[ale] hack attempts

James Baldwin jbaldwin at antinode.net
Sat Feb 12 14:33:44 EST 2005


On 11 Feb 2005, at 20:19, Michael H. Warfield wrote:

> IPv6 EUI (local host) addresses have the same bit space as an md5
> checksum and we rely on people NOT being able to forge md5 sums  
> OFF-LINE
> (and scanning would have to be ON-LINE and very noisy).

Yes, its is very noisy but without anomaly detection at the edge, that  
is at the source end, it will be more difficult to detect this if the  
scanner isn't targeting a specific range. That is to say,  
administrative boundaries will make termination of the scanner much  
more difficult unless there is detection near the source. This isn't  
difficult it just needs to become standard operating procedure to  
monitor outbound client traffic. Note, I am not yet making an argument  
for or against the practicality of IPv6 scanning, just noting that I  
doubt people will stop IPv6 scanning regardless of its practicality or  
impracticality unless an interruption is caused by the provider.

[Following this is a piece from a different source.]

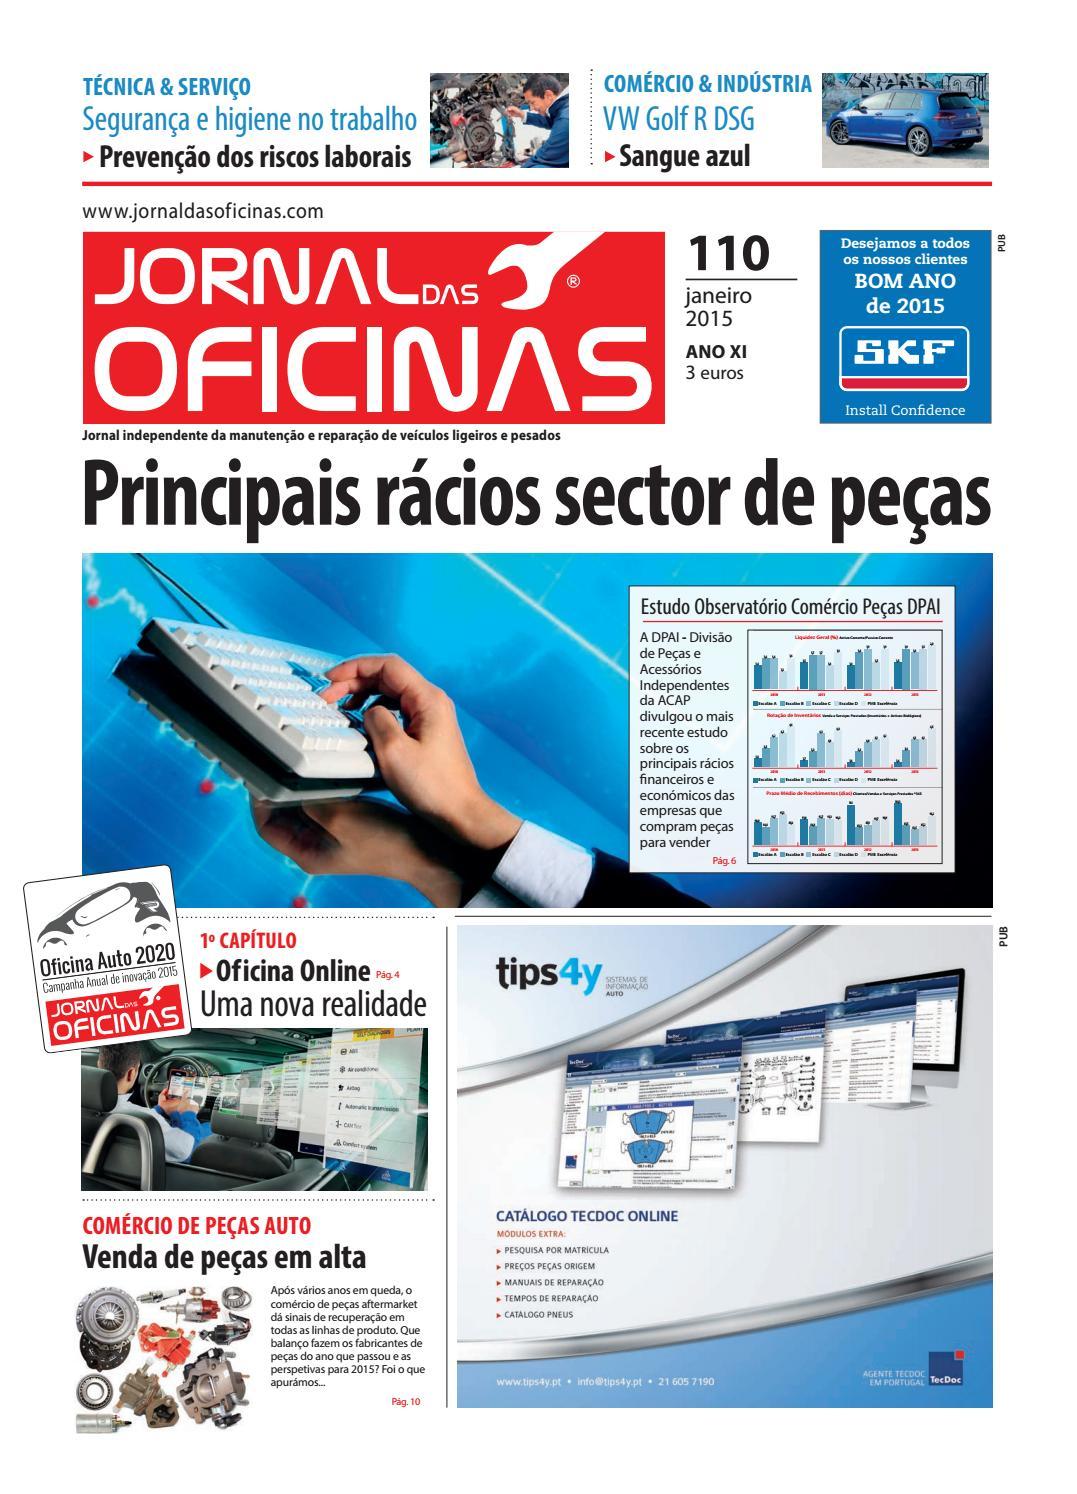 Jo110lr by Jornal das Oficinas - issuu ea7d2f2bb9d84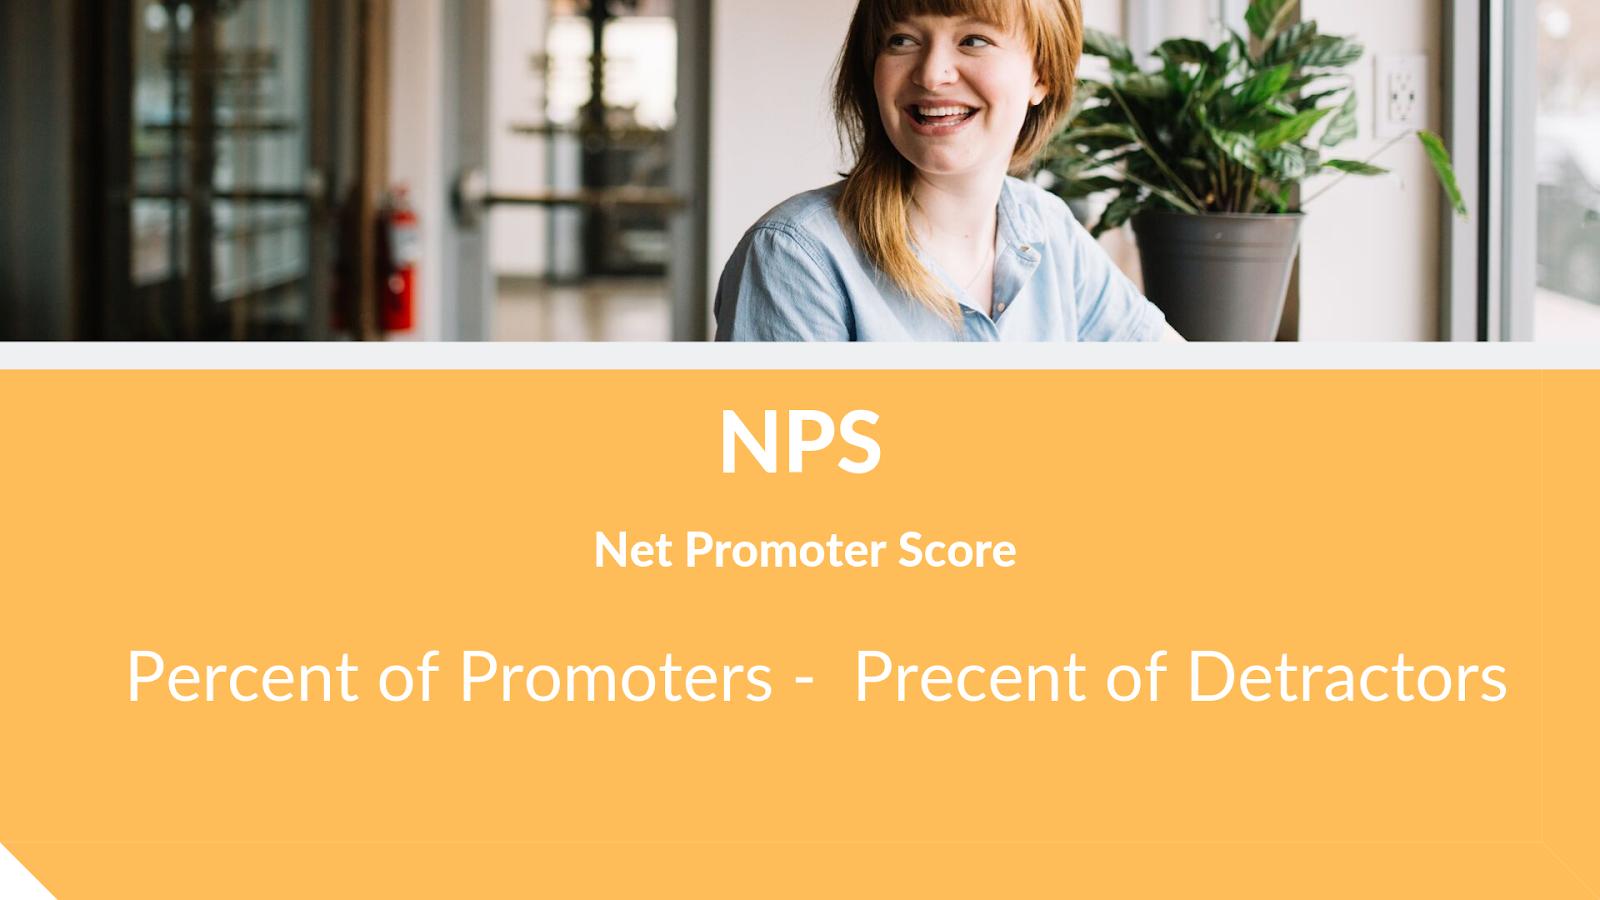 Net Promoter Score - Measuring loyalty

> Not a prayer.  16 billion billion addresses in each subnet.  THINK
> ABOUT IT.  Not a prayer.  Not even for a stage three civilization
> spanning the galaxy.  How are you going to drive the host density on a
> single subnet high enough to be worth while to be scanned?

You do not have to scan 16 billion billion addresses. The prevalence of  
convenient numbering schemes, autoconfiguration, the near term  
necessity of dual-stack networks, and the local subnets can quickly  
reduce the size of the range intended for scanning.

http://www.6net.org/publications/standards/draft-chown-v6ops-port- 
scanning-implications-00.txt

Tim Chown suggests that in the instance of IPv6 autoconfiguration these  
ranges can be reduce to as much as 24 bits.

Aside from that, I agree. I doubt scanning of IPv6 ranges will ever  
become a viable mean for locating target hosts and my response was more  
a qualification of that statement rather than an argument for the  
practicality of scanning IPv6 ranges.